One Solitary Moment

Finally Accepting

Growing up my dad used to tell me and my younger brother that we needed to have a boy to carry on the family name. He would tell the story of how his dad had him the same month as Grandpa’s 30th birthday, and how he had my younger brother 30 years later. He would always tell my bro that he needed to carry on the family tradition. Coaxing him into conceiving at the exact time. Well my younger brother went on to have 3 sons.

This morning I was settling into my yoga practice and I started thinking about this dialogue. Recently letters went out to family and friends that we have listed in our living trust.  Recently we worked with this amazing group called Angel Advocates to create an estate plan. Our friends and family were notified if they were assigned responsibilities if we were to somehow leave this earth early. This was a huge ginormous task to start preparing for Theo’s care forever.

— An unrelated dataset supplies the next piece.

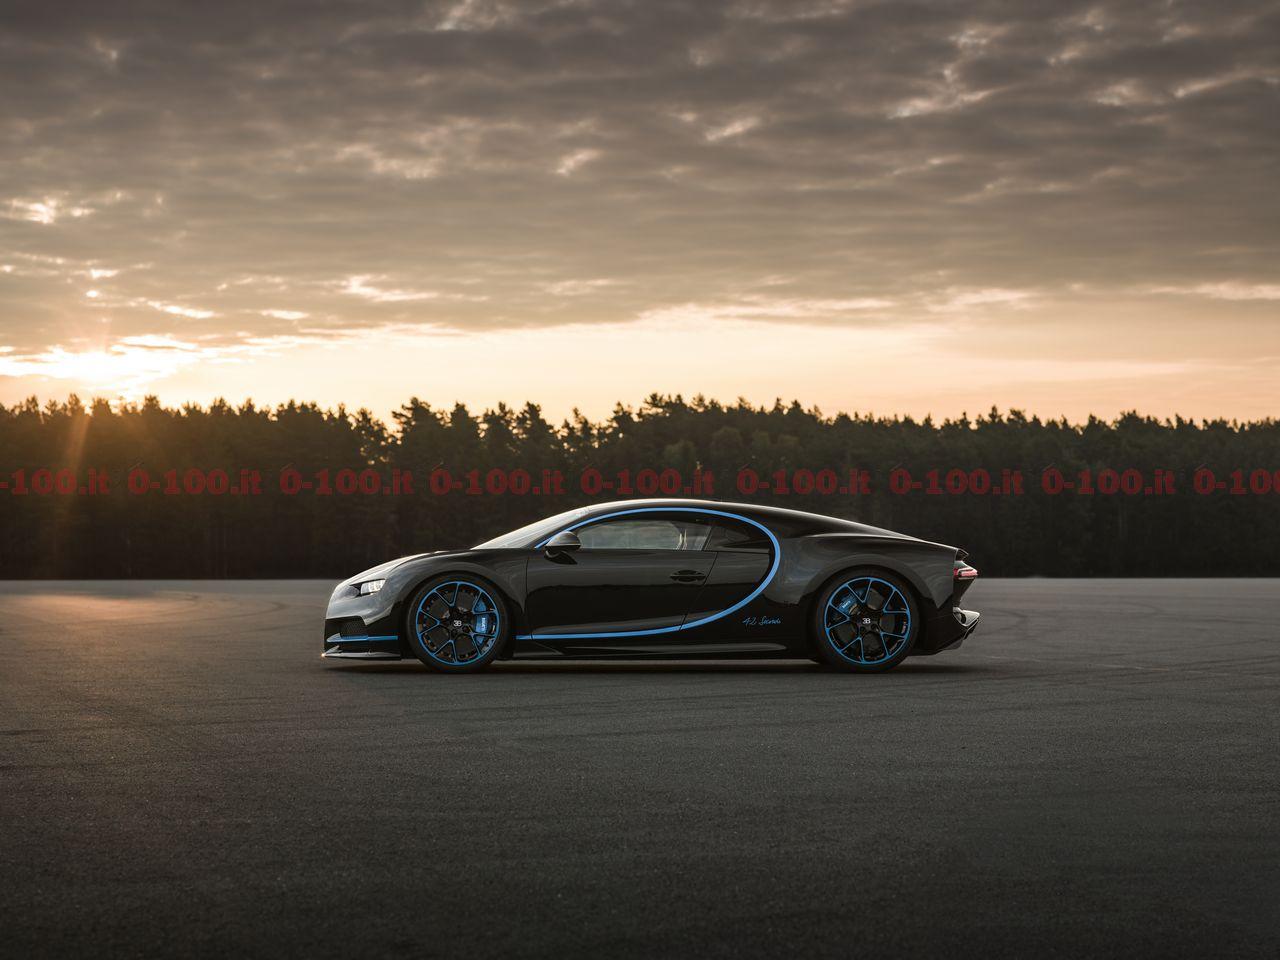 bugatti-chiron-record-0-400-0_0-100_10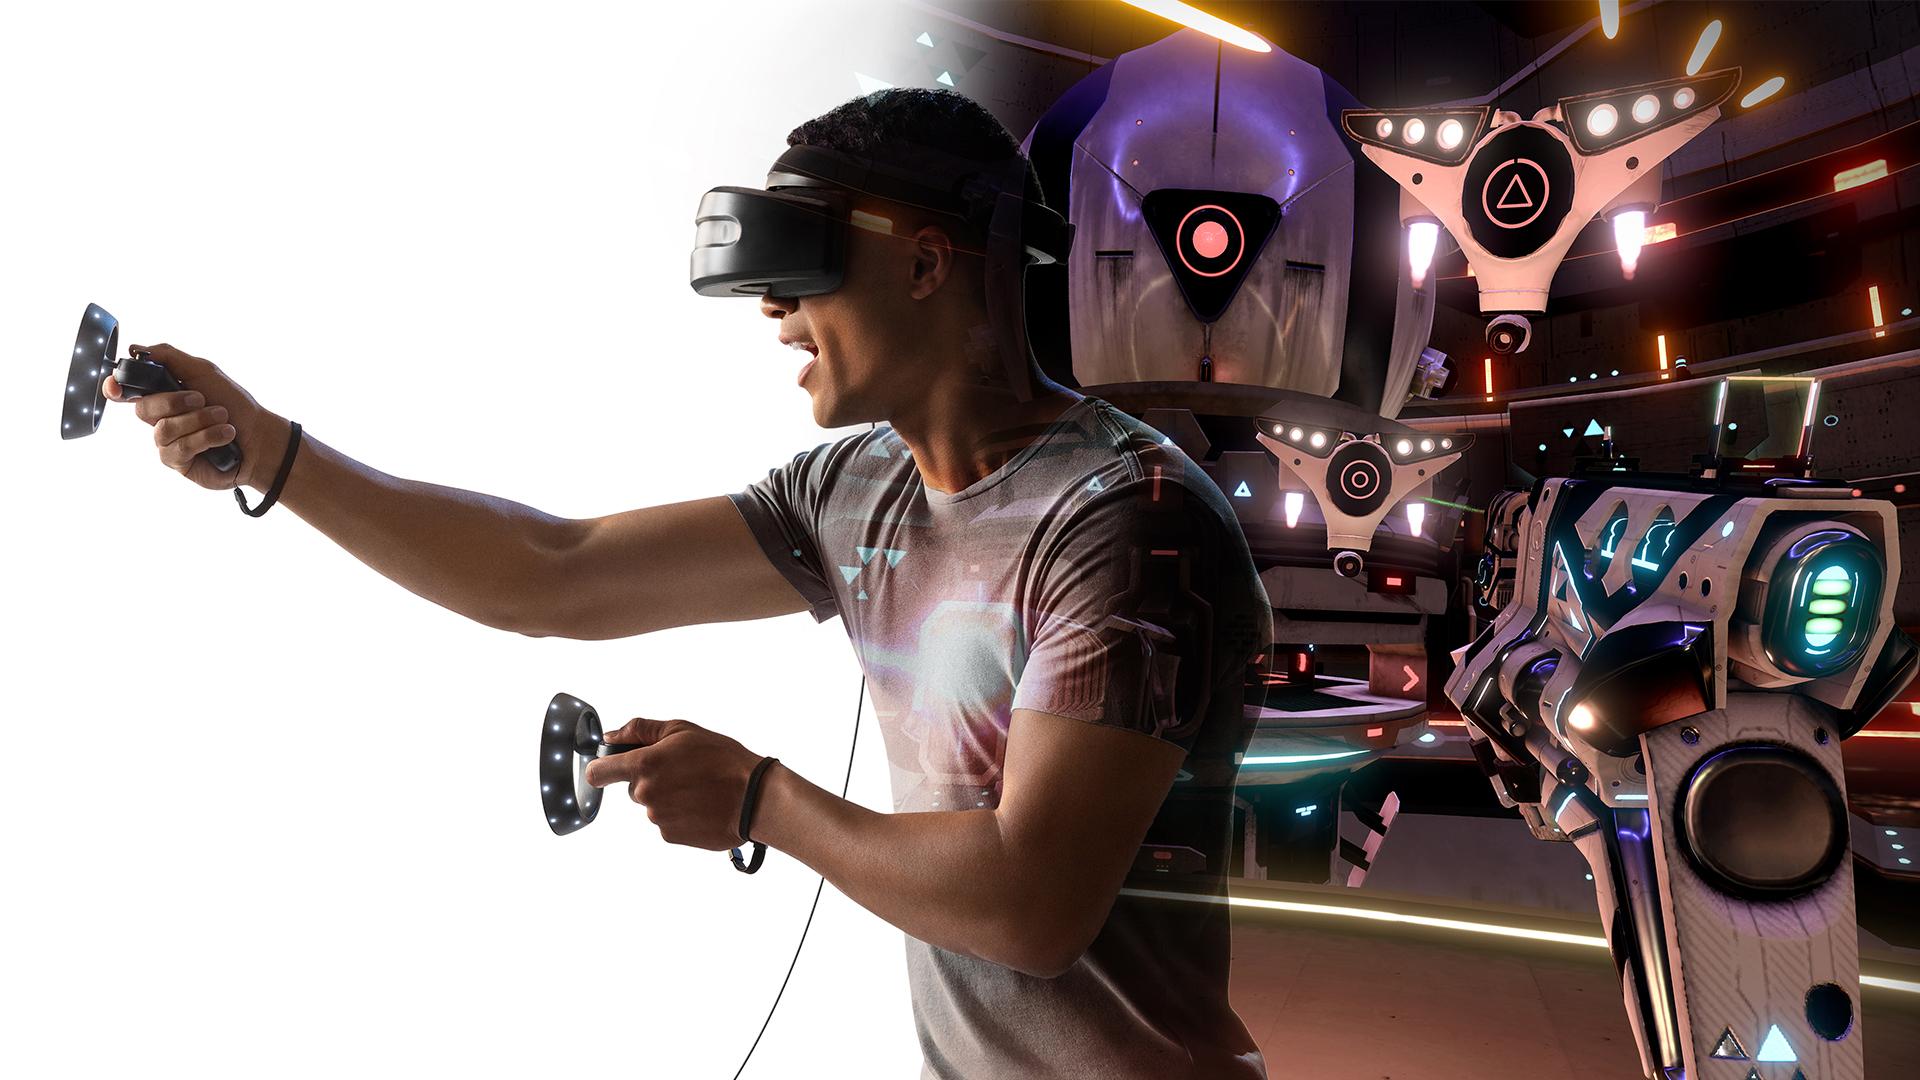 Homme utilisant du matériel Windows Mixed Reality pour utiliser le jeu Space Pirate Trainer

I had this thought about having posterity inherit all that I am trying to build and I started to think about how Theo will likely never have his own kids. This thought sent me into an anxiety attack. I couldn’t breathe. The room was spinning. I had the urge to run out of the yoga room and throw up. 

But I focused on breathing through my nostrils, and breathing all the way down to my deepest gut. Slowing my breathe down, and it calmed me down. I went home and told Angela the story. She was surprised that I hadn’t really ever thought about this before. She said: “You really have never had to deal with this thought and the emotions that are birthed from this thought?” I guess I never have fully accepted that Theo might live with me forever, and that he likely will never give me grandkids. I don’t think this is something that I can process in just one solitary moment.

All I know is that all I can focus on is this moment in time where I can do all I can to help make Theo’s life experience a little better for him and everyone that supports him. Thank God for Yoga. Because today I needed the therapy.